議論は、若手や学生との関わり方にも及びました。
「いきなり起業」ではなく、まずは就職し、週末起業や副業でプロダクトを試してみる。現在の福岡のスタートアップシーンでは、そうした“ゆるやかな挑戦”ができる環境を創っているとのことでした。アルバイトとしてスタートアップに関わった学生が、その後自らサービスを立ち上げるケースも生まれています。
一方で、「若い世代が魅力を感じるイベント作り」という課題も挙げられ、自由で参加しやすい企画や、世代を超えた出会い方の再設計が必要との議論もされました。

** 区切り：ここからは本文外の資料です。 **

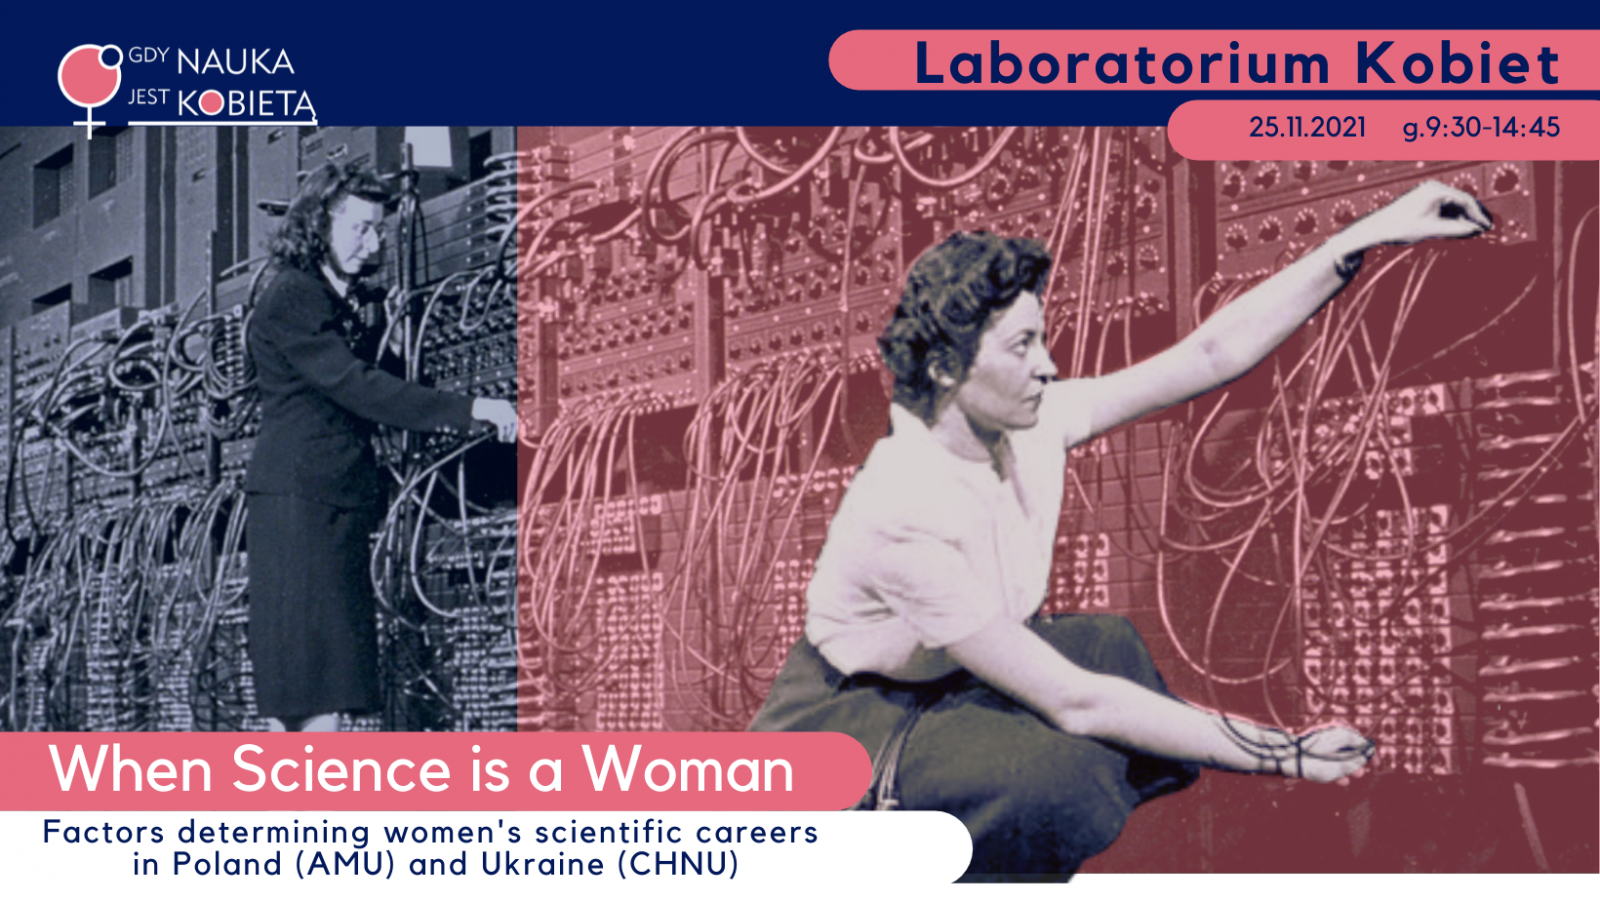 Plakat IV laboratorium kobiet, gdy nauka jest kobietą. Na plakacie widać dwie telefonistki obsługujące centralę telefoniczną. W lewym dolnym rogu znajduje się napis 
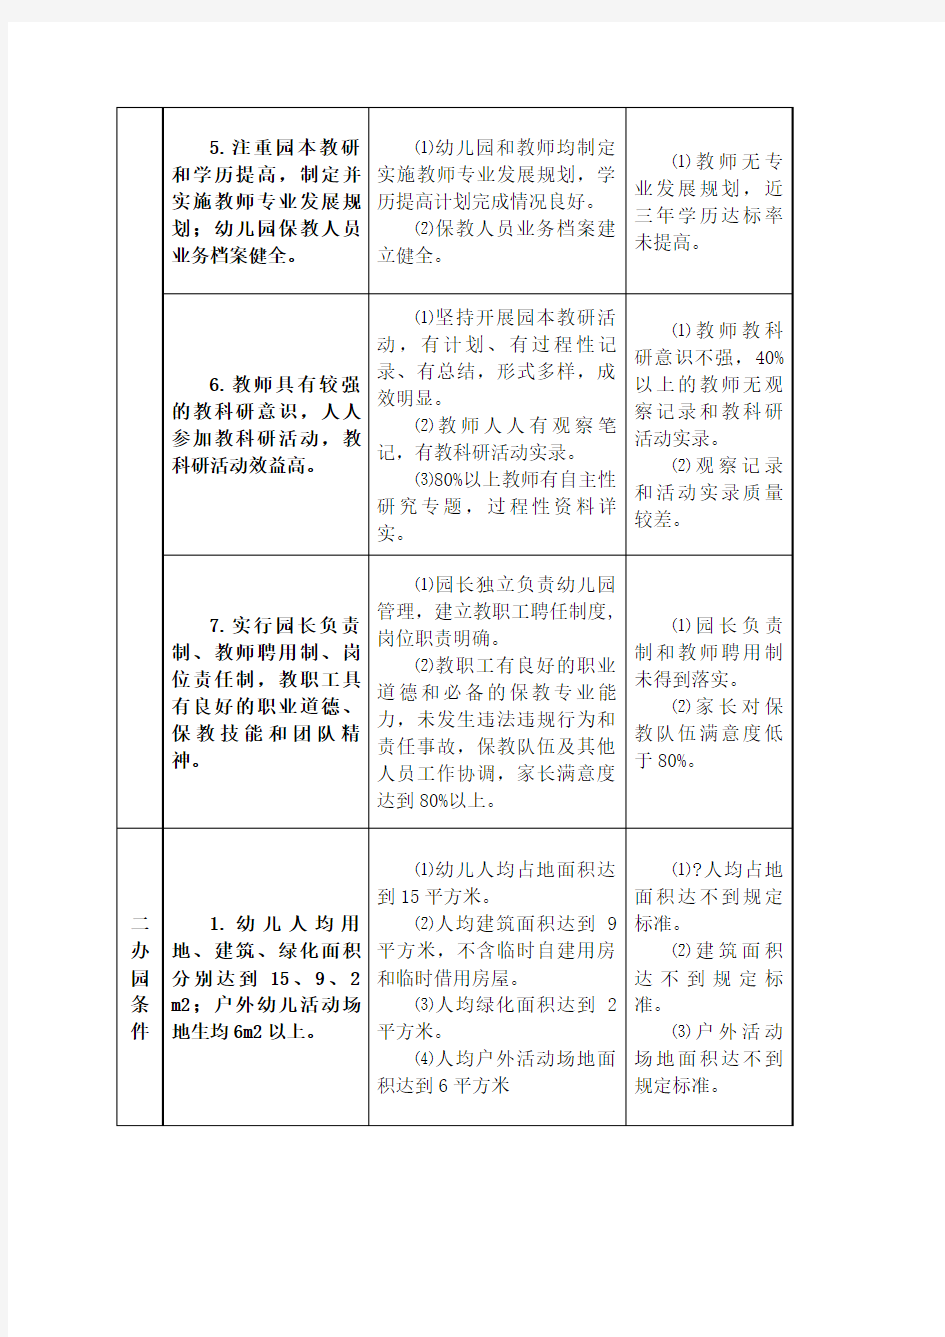 江苏省优质幼儿园评估标准及评估细则

今福岡では、コロナ禍を経て、再び明星和楽のような「説明できないけど、なんか面白い」場をもう一度つくろうとする声が若者の間から聞こえ始めているそう。プレイヤーの世代が入れ替わっていくことでスタートアップのエコシステムが循環していくと言えるかもしれません。

大分のスタートアップにおける可能性

こうした福岡の10年を振り返りながら、トークの後半では「大分では何ができるか」が語られました。「大分には動ける人が多い。観光や食の分野でも可能性がある」と、別府のように外からの人材が入りやすい地域性にも触れました。
また、参加者からも、高校生の起業志向や、地域資源を活かしたチャレンジも増えているとの話もあり、ここ大分でも若い世代においても「スタートアップ」の芽は育ちつつあります。

まずは、小さくてもいいから始める

イベントの終盤、参加者へのアクションとして語られたのは「まずは一歩踏み出すこと」。
小さな集まりや勉強会から始まった「明星和楽」、そして「Fukuoka Growth Next」の一大ムーブメント。同じ関心を持つ人たちが出会い、話し、何かアクションを起こしてみる。それがやがて、地域の文化になっていく——

そんな福岡の実例を踏まえたメッセージが印象的でした。